To study the severity of the disease in relation to the risk of hospitalization, cases were defined as patients admitted to any SERGAS hospital for COVID-19, with polymerase chain reaction (PCR) test confirmation, during the period between the outbreak of the pandemic and December 31, 2020, both inclusive. The time between the date of a positive PCR test and hospitalization21 was set at a maximum of 10 days, to exclude possible cases that might have been admitted for reasons other than COVID-19 infection. To improve the efficiency of our analysis of the risk of hospitalization, controls were randomly selected and matched with cases by age, sex, and primary care center. Up to 20 controls were selected for each case.

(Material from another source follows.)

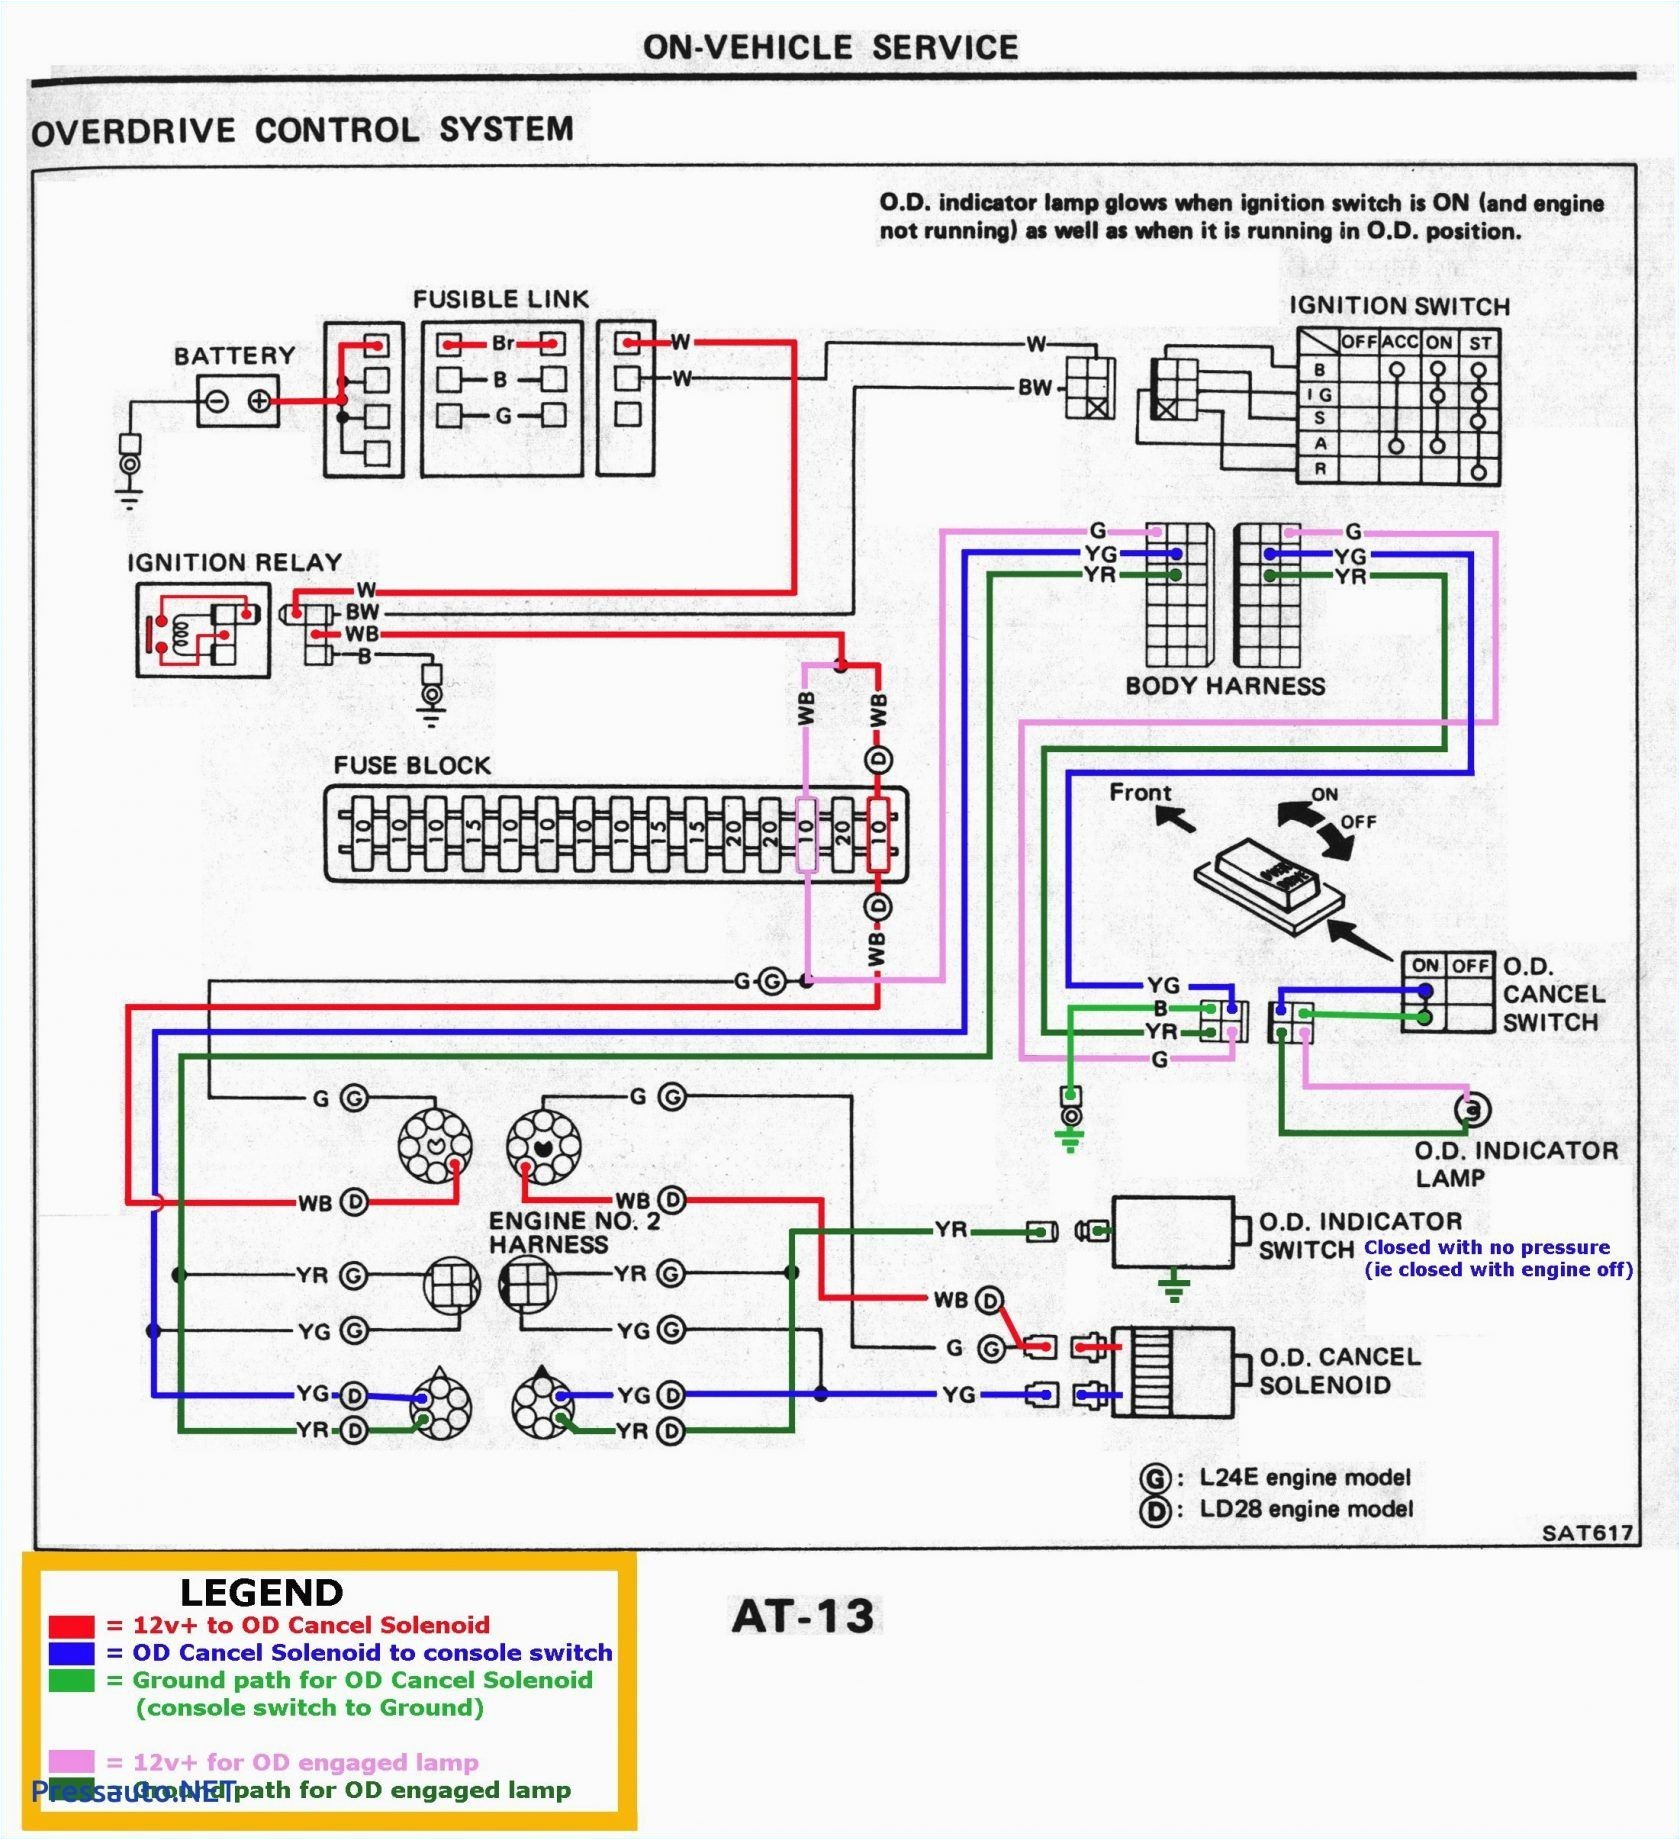 sds wiring diagram blog wiring diagram sds em 4 wiring diagram sds wiring diagram

To assess disease severity in relation to mortality, a case was defined as any person who died during hospital admission with a confirmed COVID-19 positive PCR test in 2020. Controls were the same persons as those used to assess the risk of hospitalization for COVID-19.

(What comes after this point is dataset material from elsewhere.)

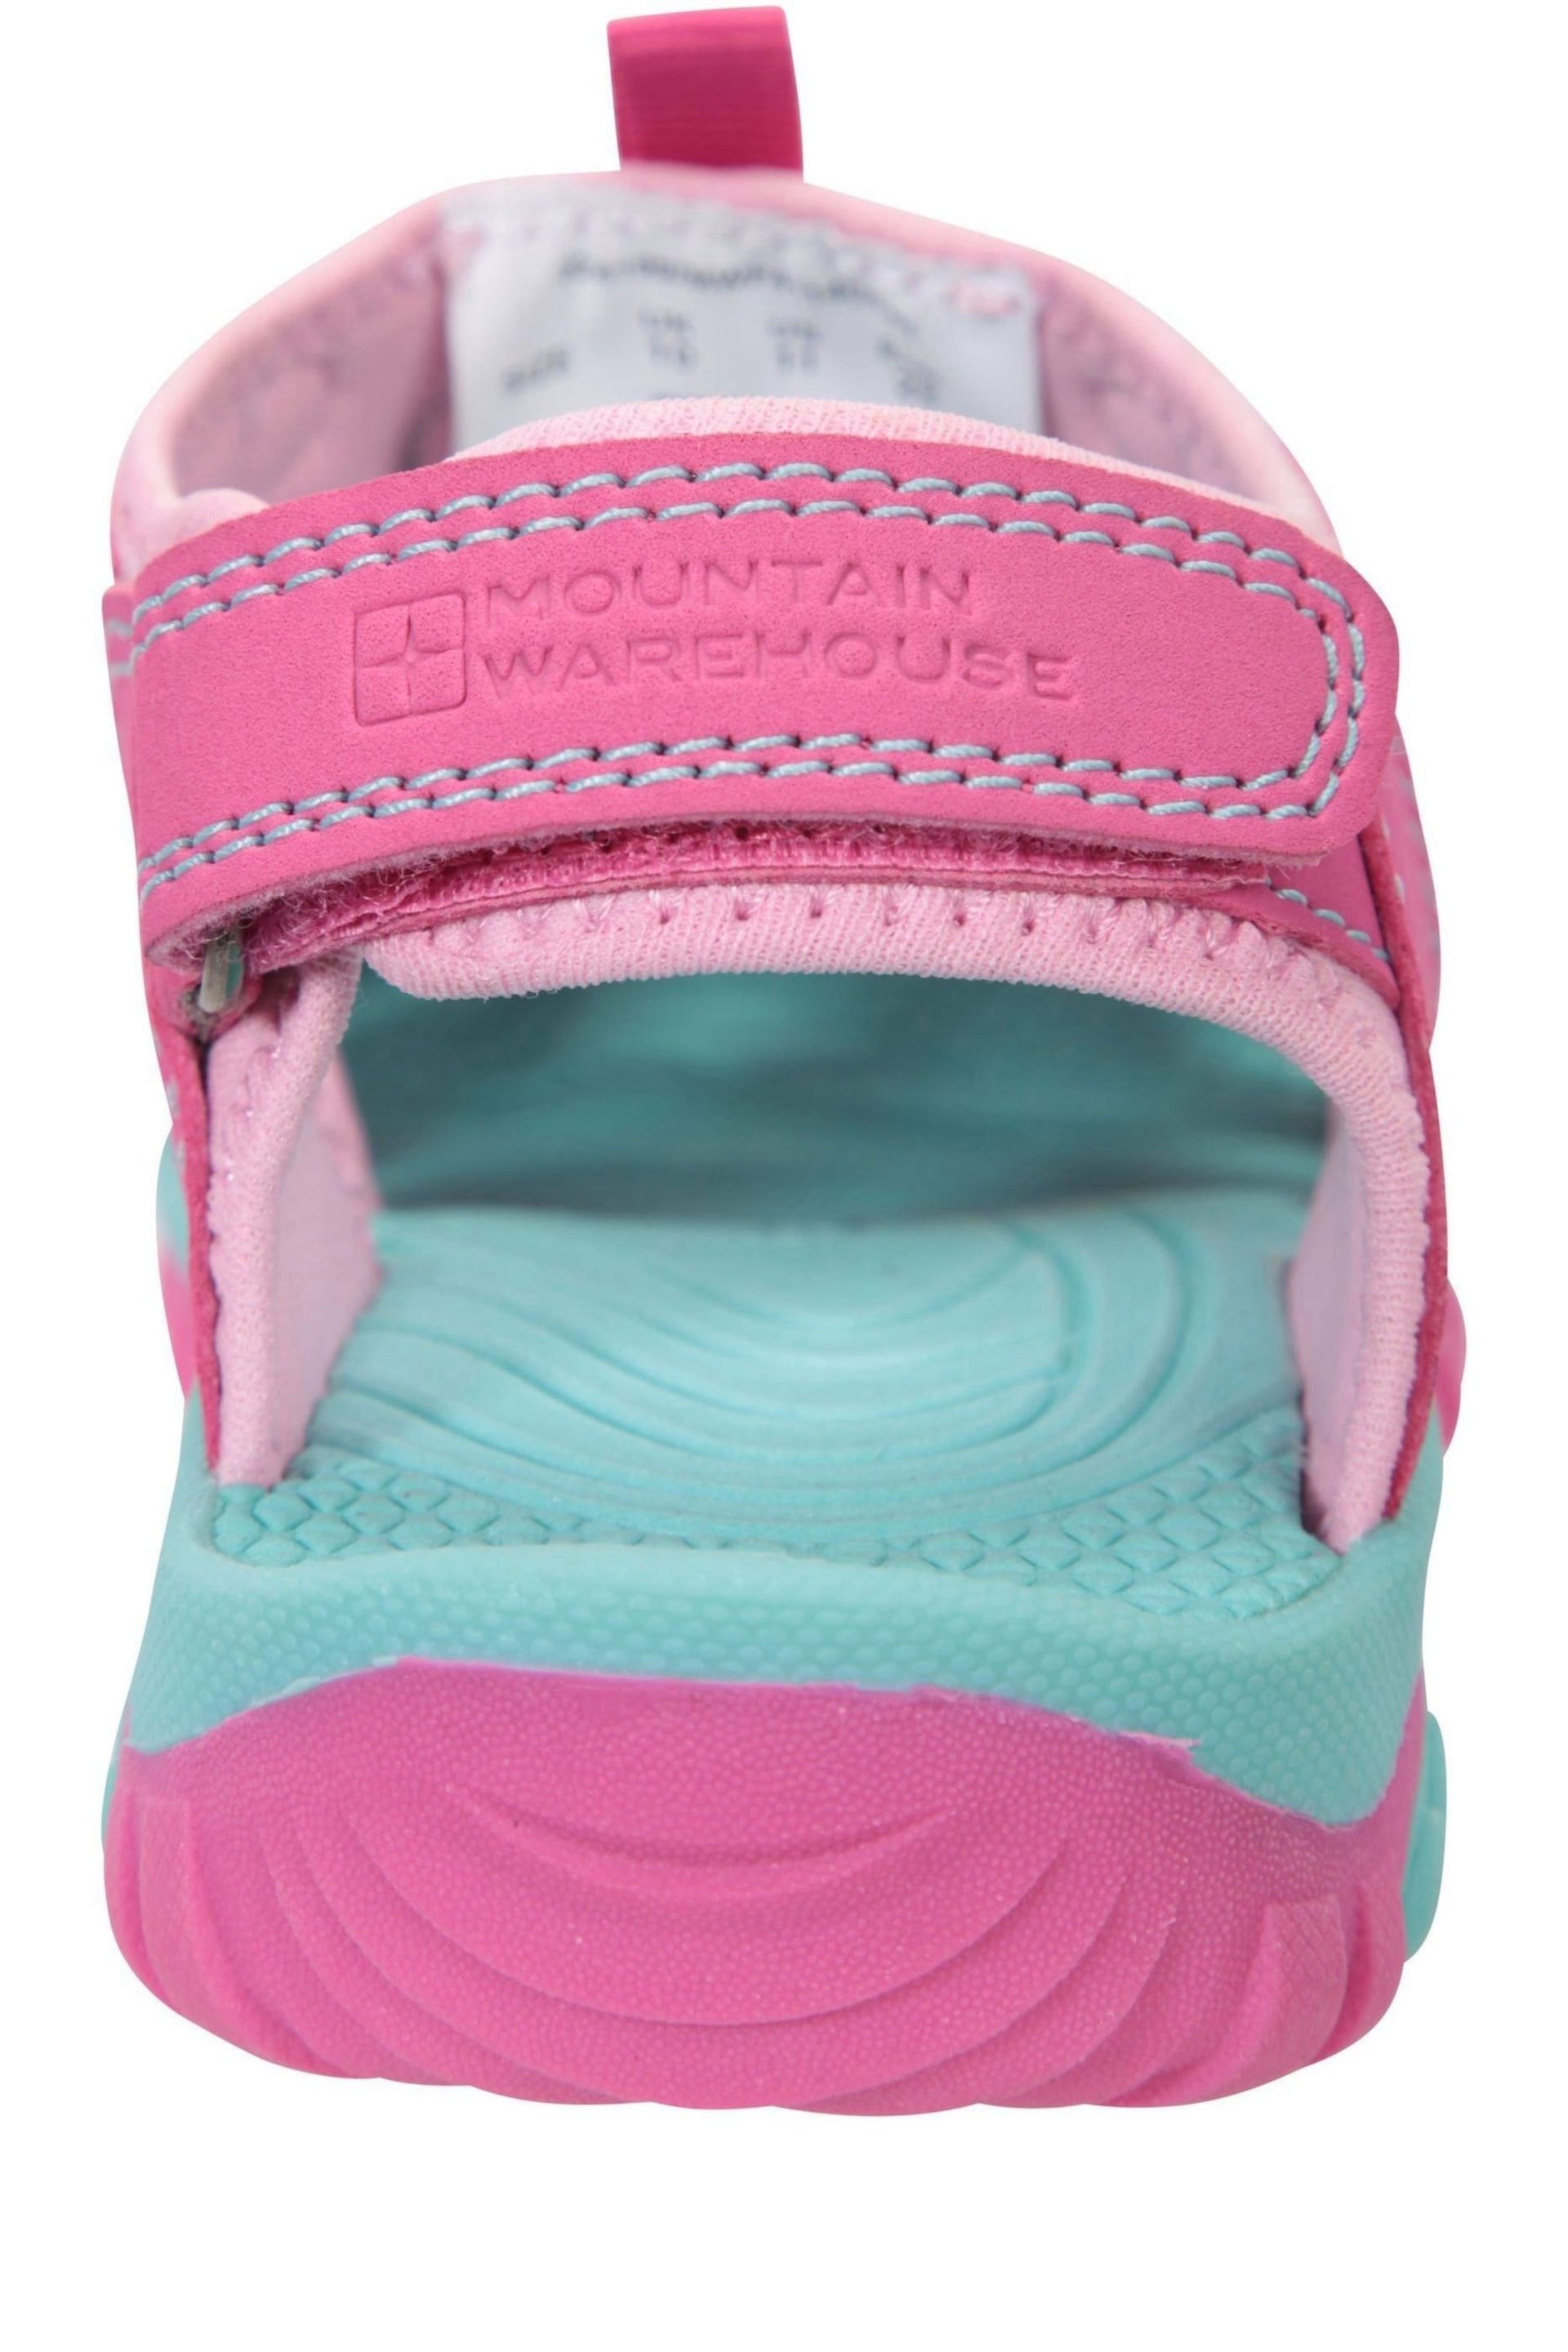 Mountain Warehouse Pink Bay Toddler Sandals - Image 5 of 5

To assess susceptibility, a case was defined as any person diagnosed with COVID-19 confirmed by a positive PCR test test (hospitalized and nonhospitalized) during the study period.21 As controls, we used the same persons as those used to assess the risk of hospitalization, characterized by the absence of a history of a positive PCR test.

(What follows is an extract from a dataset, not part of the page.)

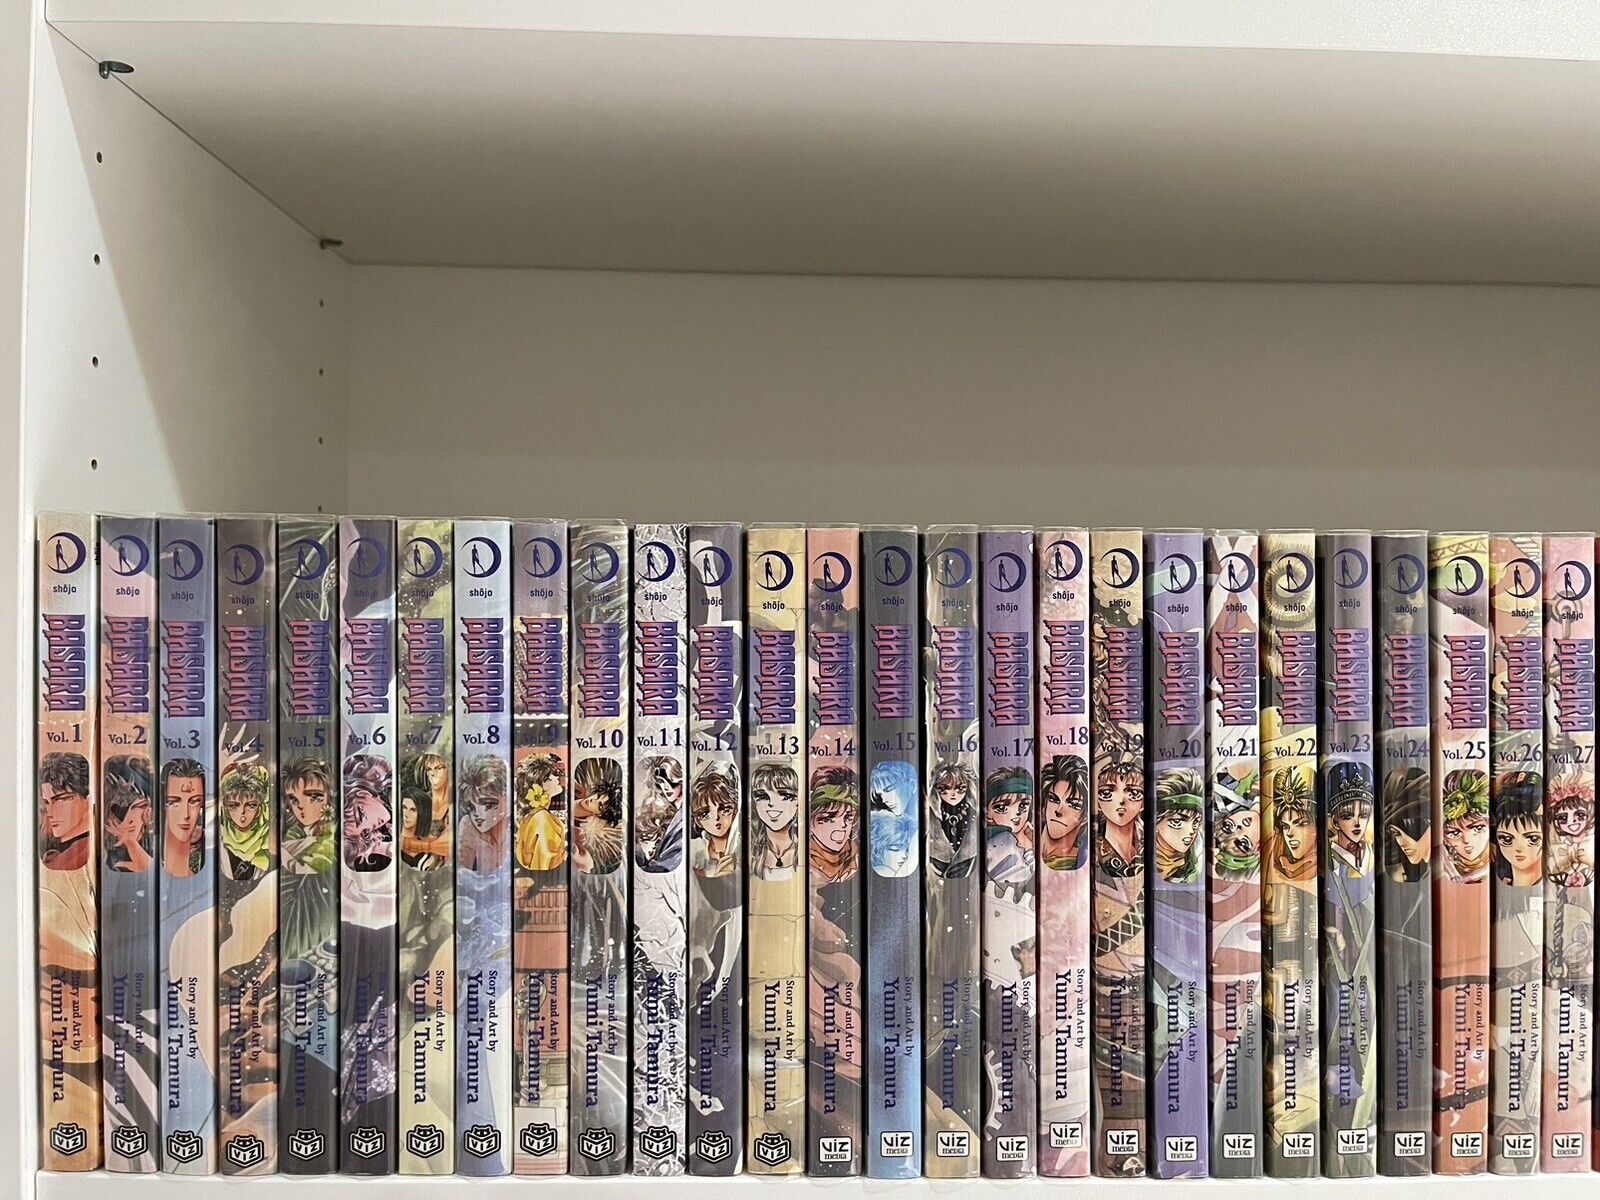 Basara Manga Volumes 1-27 Complete English Set Yumi Tamura OOP [FIRST PRINTINGS]

To assess progression to severe COVID-19, a case was defined as any person hospitalized for COVID-19 confirmed by a positive PCR test test in 2020 (hospitalized and nonhospitalized), and controls consisted of all patients with a confirmed COVID-19 positive PCR test not hospitalized in 2020. In this model, the cases were not matched with controls.

Ethical aspects

The study was approved by the Galician Clinical Research Ethics Comittee (Comité de Ética de Investigación de Galicia, reference 2020/349), certified by the Spanish Agency for Medicines and Medical Devices (AEMPS), and conducted in accordance with the principles of the Declaration of Helsinki and current legislation on biomedical research. The study protocol is registered in the EU Electronic Register of Post-Authorisation Studies.22 Automated data extraction was performed and anonymized to ensure that the participants concerned could not be identified and consequently it was not necessary to obtain informed consent from the participants.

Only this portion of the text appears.